Material supplied »
━━━
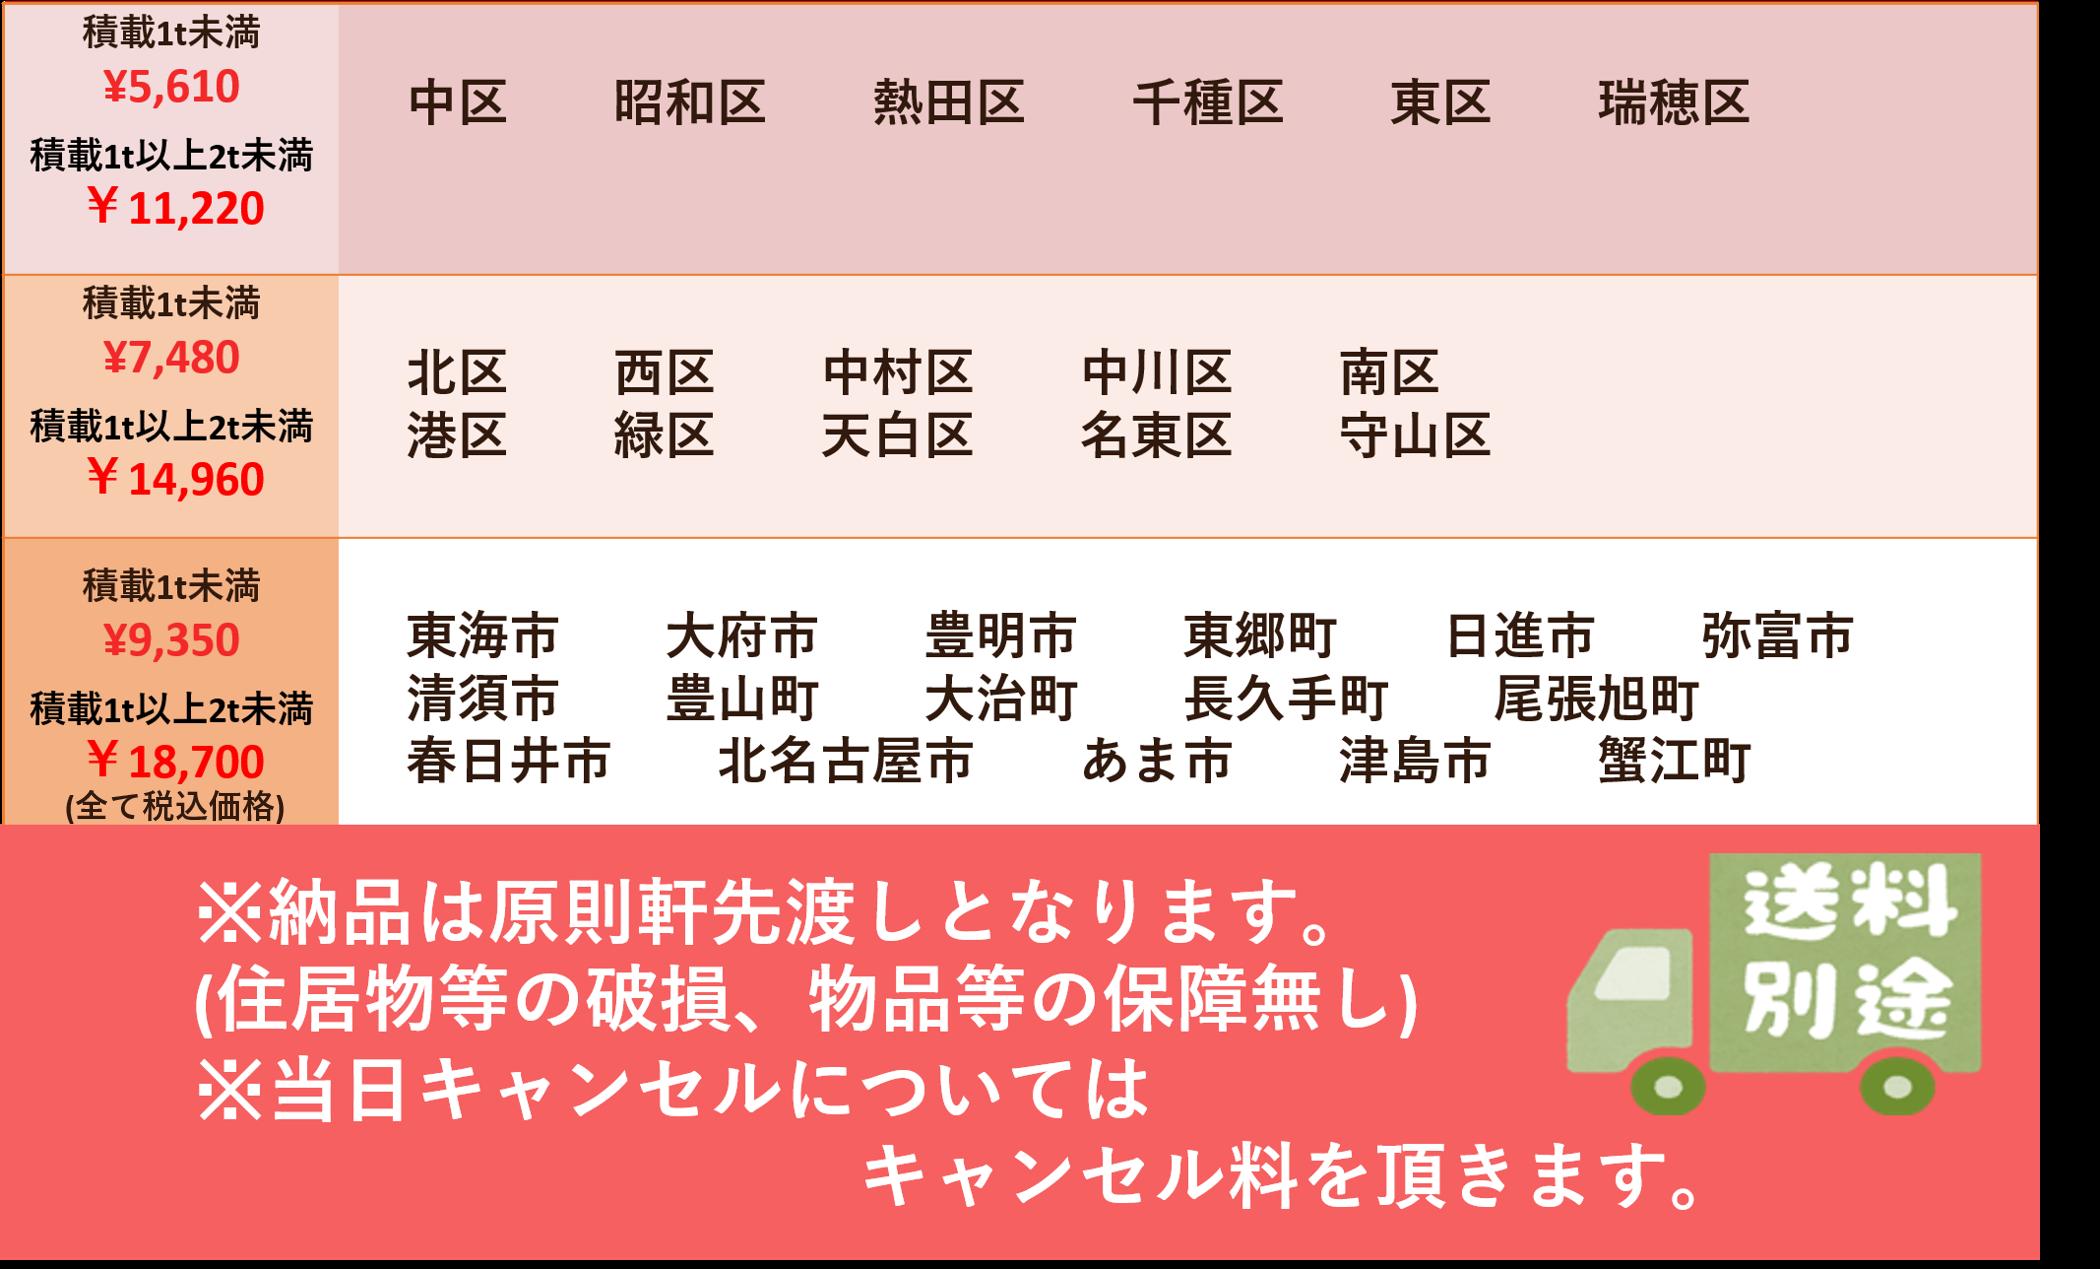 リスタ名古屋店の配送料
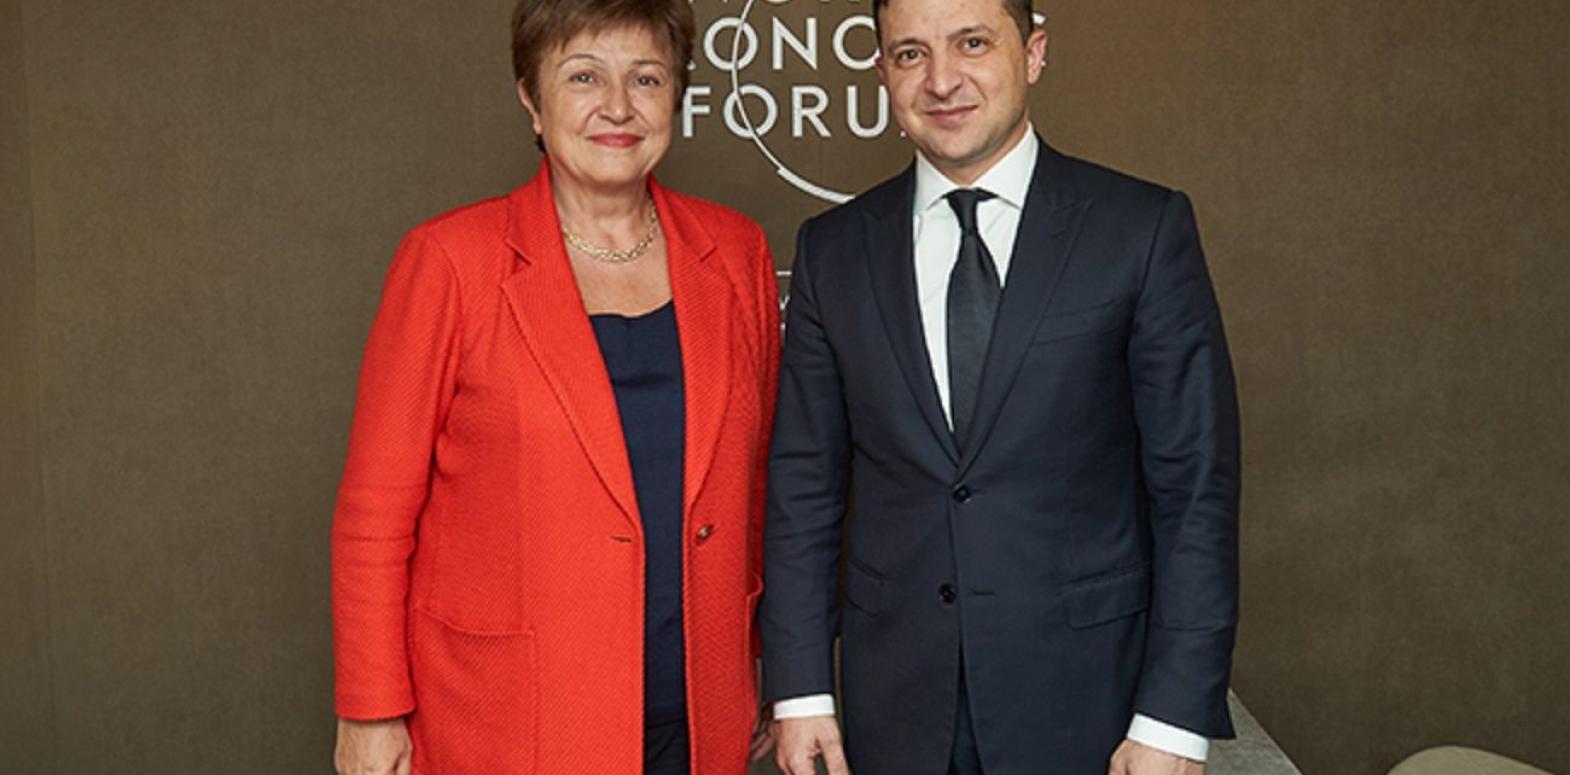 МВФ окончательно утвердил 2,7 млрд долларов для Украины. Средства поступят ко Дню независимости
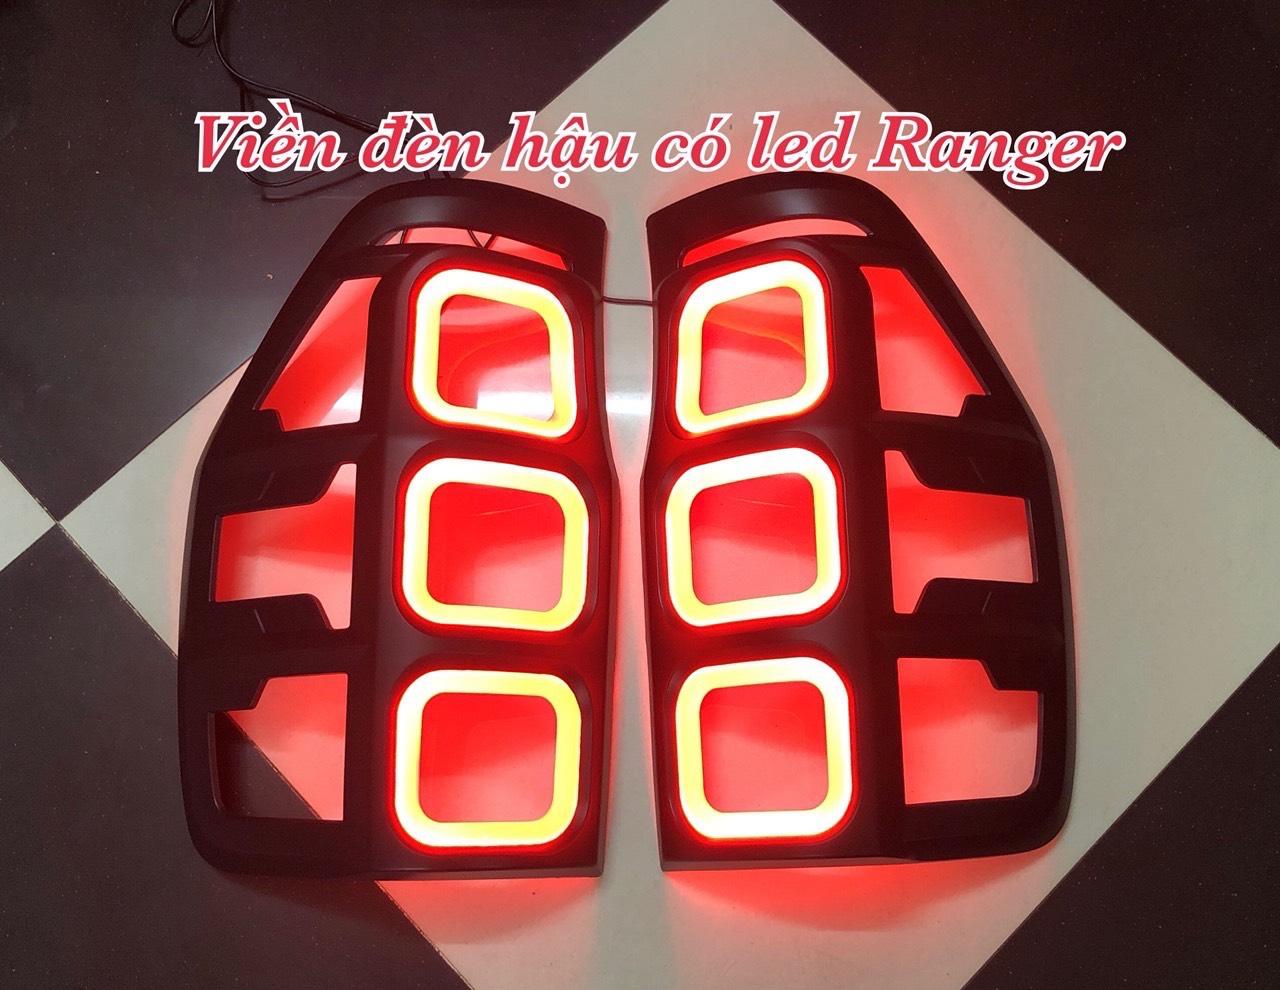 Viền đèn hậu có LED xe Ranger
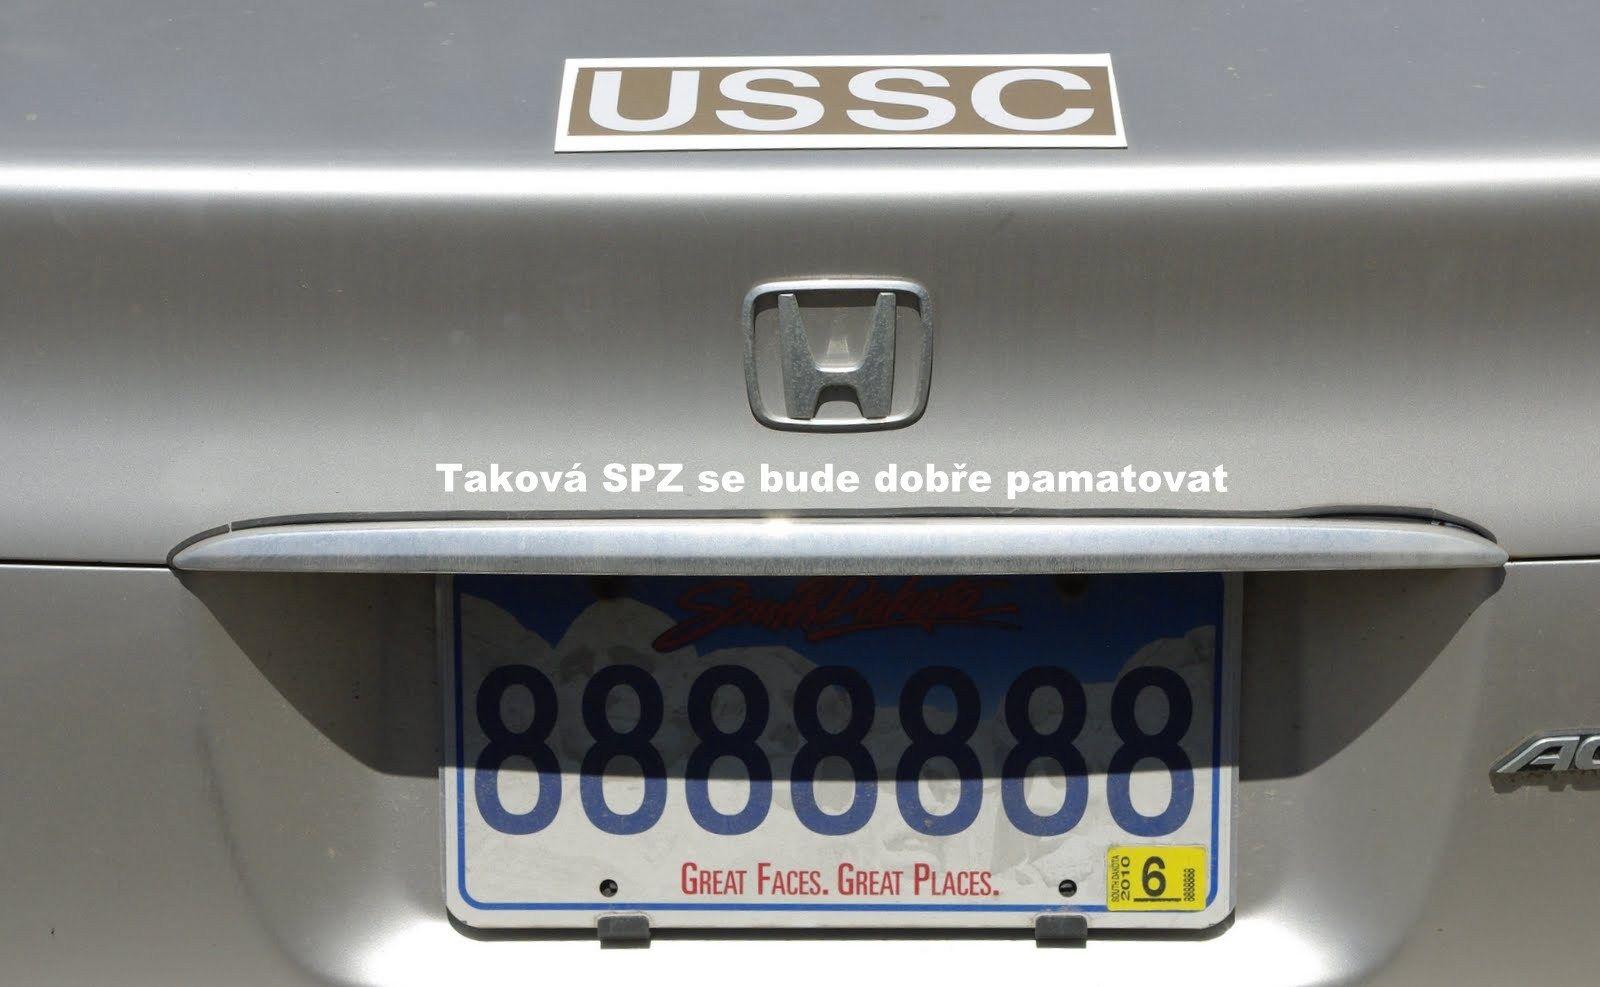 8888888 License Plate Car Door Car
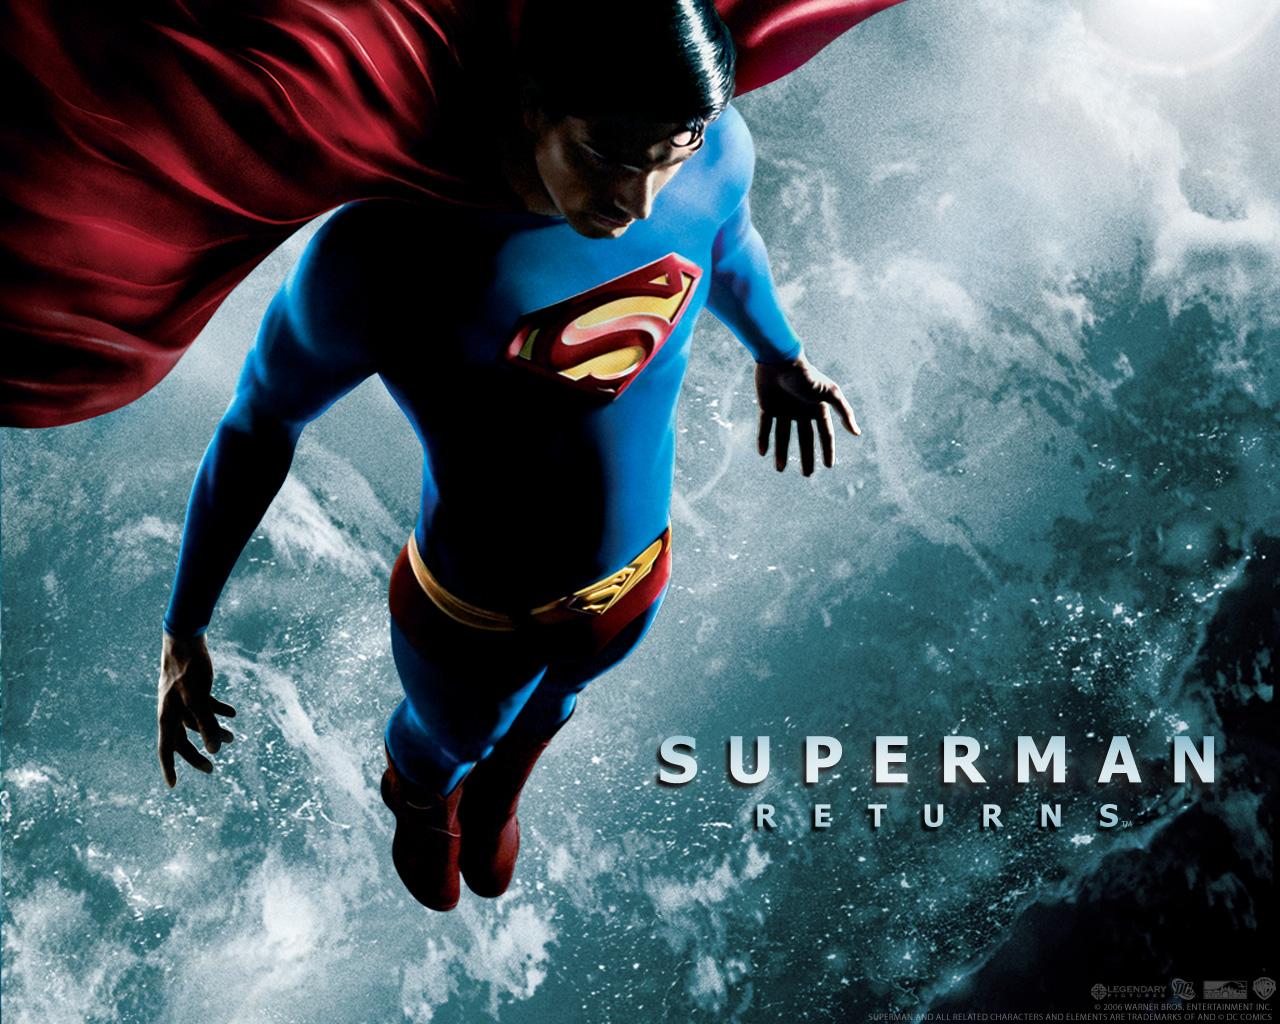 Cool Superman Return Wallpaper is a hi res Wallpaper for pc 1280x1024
━━━
Problem details » Because the pictures are not wanted, retype only the text of every record, exactly as given.

Response »
 リスタ名古屋店の配送料
 МВФ окончательно утвердил 2,7 млрд долларов для Украины. Средства поступят ко Дню независимости
 Viền đèn hậu có LED xe Ranger
 8888888 License Plate Car Door Car
 Cool Superman Return Wallpaper is a hi res Wallpaper for pc 1280x1024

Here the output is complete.